Though some of these multi-day encampments such as End of Trail and Marching Through History no longer take place, the San Bernardino Harvest Fair is still held every November.  Many local troupes of cowboys, townies, mountain men, 7th Cavalry, native American scouts, Buffalo Soldiers, Civil War re-enactors and musicians perform throughout two weekends.

Several excellent annual events are also still held in Tombstone, Arizona, including  Wyatt Earp Days in May, and Helldorado in October, which commemorates the infamous shootout at the O.K. Corral.  Re-enactors and tourists from throughout the western states gather to bring Tombstone alive with the sounds of spur jinglebobs on boardwalks and gunfire in the streets.  Although carefully coordinated and approved by a safety committee, gunfights appear to break out spontaneously, and tourists gather on the boardwalks to watch. 

The bad part of doing shootouts in Tombstone is “dying” on the street that is, literally, hot enough to cook an egg, and can raise blisters on any unexposed skin that happens to touch it.  Fortunately, our troupe was often invited to perform in the town’s amphitheater, where horned toads skitter across the dirt stage and hide in the shade of the wood-plank bleachers.  The famous Bird Cage Theater is not used for performances but is a museum and legitimate time capsule from the 19th Century, having been sealed for 50 years before reopening as a museum. 

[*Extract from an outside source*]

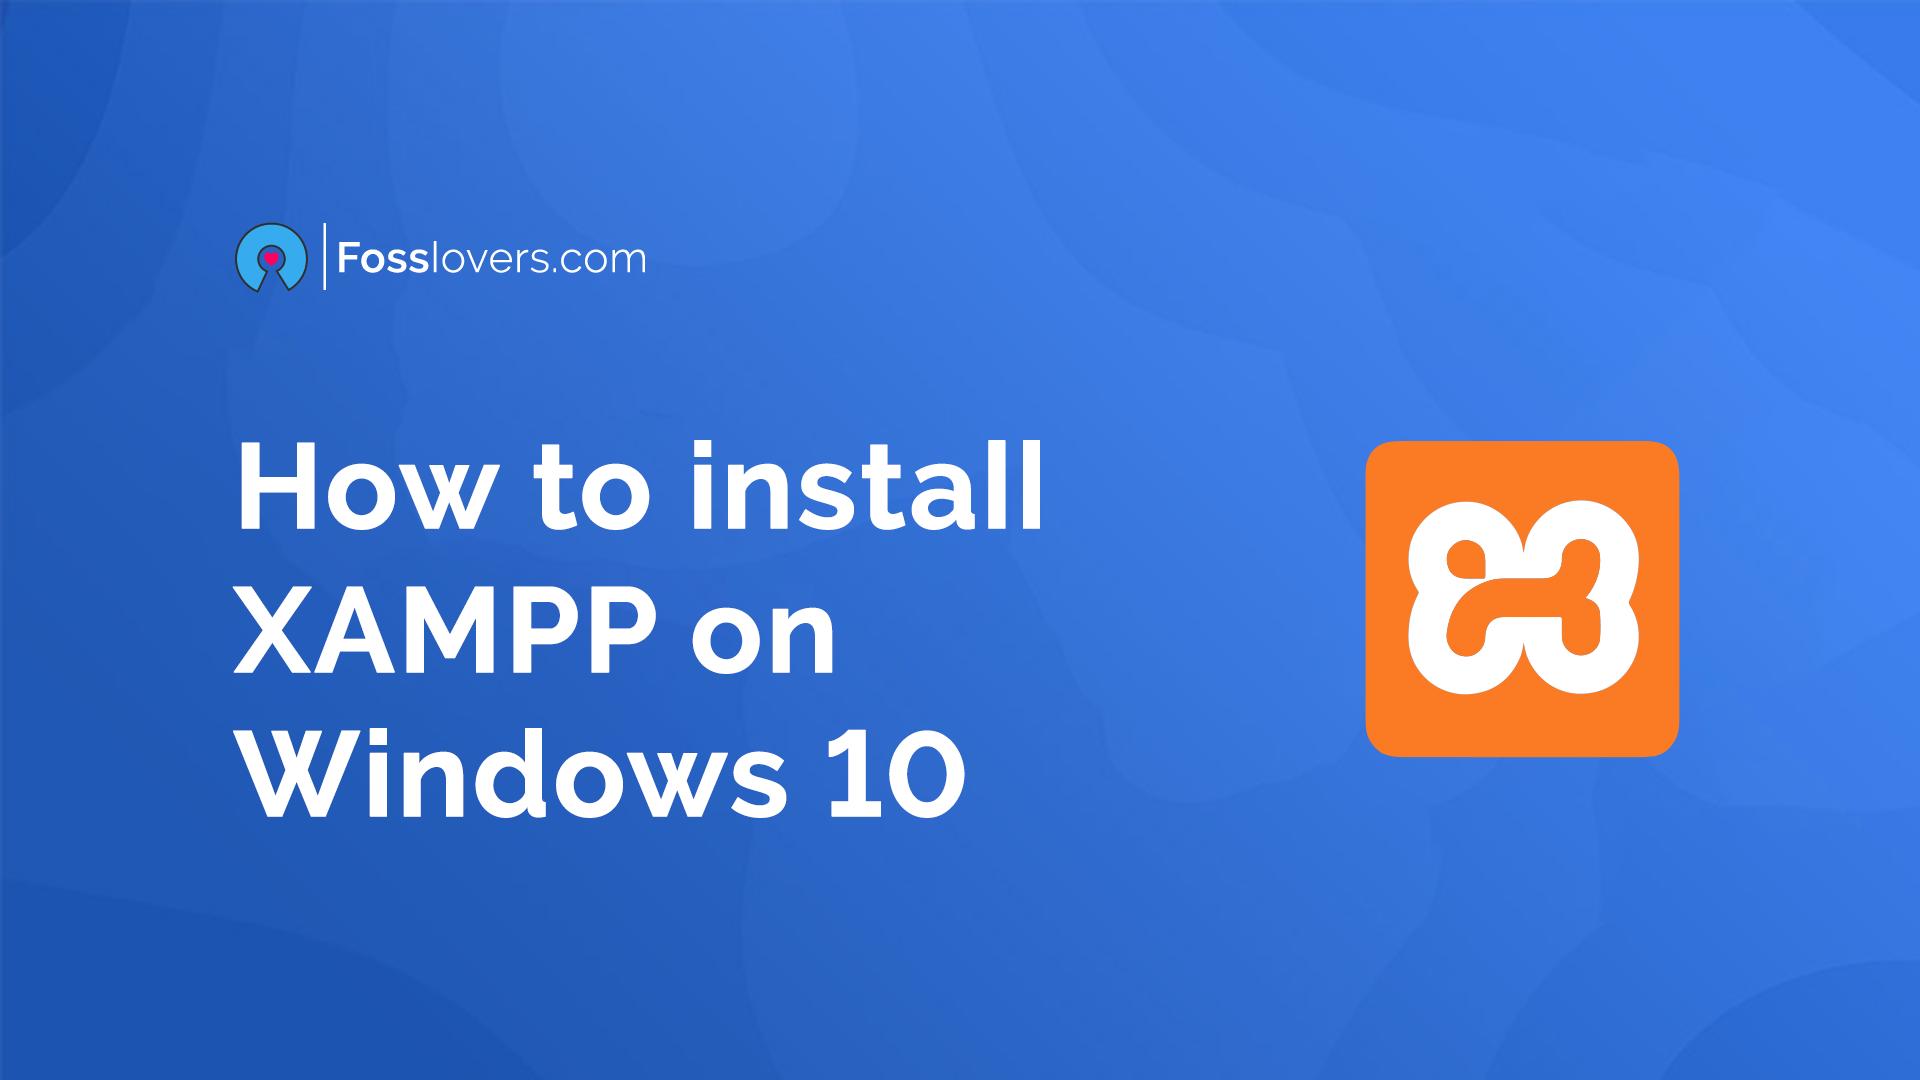 How to Install XAMPP in Windows 10

A favorite memory of mine is of standing alone on the deserted street in front of the Bird Cage, with yellow lamplight in the street and a full moon above.  I heard faint music and laughter from Big Nose Kate’s Saloon a block away, and the clip-clop of hooves of a lone horse walking unhurriedly into town.  It whinnied several times before coming into view at the corner of Allen Street, and the cowboy rode it up to the saloon, tied it to the hitching post and went inside.  It was a magical moment, frozen in time.

There are things I don’t miss about re-enactment.  I don’t miss setting and striking tents in the rain, or dodging horse apples while “dying” in a shooting show on a parade route.  I don’t miss having the police called by neighbors who heard gunfire and hadn’t been informed that there would be a shootout show (“Oh, it’s you guys!  Call off the other car; it’s the Cross Creek bunch again.”).   I don’t miss performing all day in corset, bustle and petticoats in 110-degree heat in Cucamonga.  I don’t miss loading and unloading truckloads of gear as if I were in training as a carnie.  But, as life will do, it parted us and we drifted in different directions, and I miss the countless hours spent with my comrades in arms, bringing the Old West back to life and stepping through the veil of time to live there for a while.  Because, basically, everyone enjoys dressing up and playing cowboy with our friends.